Wilder was also known for roles in the vampire film, The Return of Count Yorga (1971), which she co-wrote; and in Silent Movie (1976), Bloodbrothers (1978), Why Not Stay for Breakfast? (1979), The Last Married Couple in America (1980), and Seems Like Old Times (1980).

Most of Wilder's work was in television, including roles in Hennesey (1962), CBS Workshop (1964), Hey, Landlord (1967), Bracken's World (1969), Room 222 (1969–1970), The Mary Tyler Moore Show (1972), The Courtship of Eddie's Father (1972), The Partridge Family (1971–1972), The Girl with Something Extra (1973), Death Sentence (1974), On the Rocks (1975–1976), The Practice (1976), Police Story (1977), Operation Petticoat (1977–1978), The Tenth Month (1979), One Day at a Time (1979), Archie Bunker's Place (1981–1982), Mama's Family (1983), Gimme a Break! (1986–1987), 227 (1988), The Equalizer (1986–1989), and Full House (1988–1991).

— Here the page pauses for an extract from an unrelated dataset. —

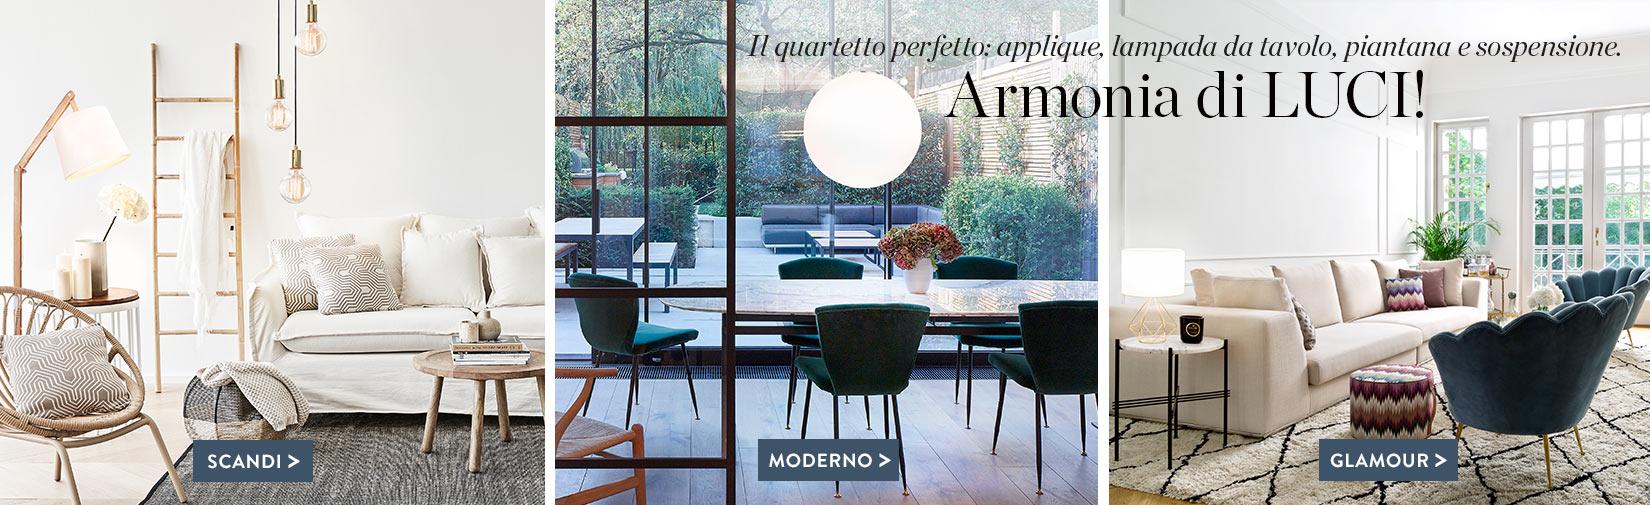 LP_Armonia_di_luci_desktop

Wilder was also half of a comedy duo with Jack Colvin. Later in life, she was a painter and sculptor, and wrote a play, Weehawken, performed in Los Angeles in 1988.

==Filmography==

===Film===

Yvonne Wilder film credits
| Year | Title | Role |
|---|---|---|
| 1961 | West Side Story | Consuelo |
| 1971 | The Return of Count Yorga | Jennifer Nelson |
| 1976 | Silent Movie | Studio Chief's Secretary |
| 1978 | Bloodbrothers | Phyllis De Coco (uncredited) |
| 1979 | Why Not Stay for Breakfast? | Helen |
| 1980 | The Last Married Couple in America | Margrette |
| 1980 | Seems Like Old Times | Aurora De La Hoya |

===Television===

Yvonne Wilder television credits
| Year | Title | Role | Notes |
|---|---|---|---|
| 1962 | Hennesey | Waitress / Wave Corpsman Bertha Bartosik | 2 episodes |
| 1964 | CBS Workshop |  | 1 episode |
| 1967 | Hey, Landlord | Secretary | 1 episode |
| 1969 | Bracken's World | Esta Goldman | 1 episode |
| 1969–1970 | Room 222 | Mrs. Guerroro / Mrs. Musgrove | 2 episodes |
| 1972 | The Mary Tyler Moore Show | Barbara Gardner | 1 episode |
| 1972 | The Courtship of Eddie's Father | Kathy | 1 episode |
| 1971–1972 | The Partridge Family | Waitress / Sheila | 4 episodes |
| 1973 | The Girl with Something Extra | Taffy | 1 episode |
| 1974 | Death Sentence | Elaine Croft | TV movie |
| 1975–1976 | On the Rocks | Lillian | 2 episodes |
| 1976 | The Practice | Mrs. Widdicomb | Episode: "The Snow Job" (S2.E5) |
| 1977 | Police Story | Angie | 1 episode |
| 1977–1978 | Operation Petticoat | Major Edna Howard | 23 episodes |
| 1979 | The Tenth Month | Mrs. Figueroa | TV movie |
| 1979 | One Day at a Time | Dr. Bradshaw | 1 episode |
| 1981–1982 | Archie Bunker's Place | Katherine Logan | 4 episodes |
| 1983 | Mama's Family | Scarlett May Dubois | 1 episode |
| 1986–1987 | Gimme a Break! | (various) | 5 episodes |
| 1986–1989 | The Equalizer | Lettie | 3 episodes "Wash Up" (S1.E16) "Torn" (S1.E17) "The Sins of Our Fathers" (S4.E8) |
| 1988 | 227 | Anna Gonzales | 1 episode |
| 1988–1991 | Full House | Irene Katsopolis | 7 episodes |

== Personal life ==
Wilder married five times. Her third husband was Bob Kelljan (Robert Kelluchian). Her fifth husband was Zach Kleiman. She had one son, Chris. She died at home in Los Angeles on November 24, 2021, at the age of 84.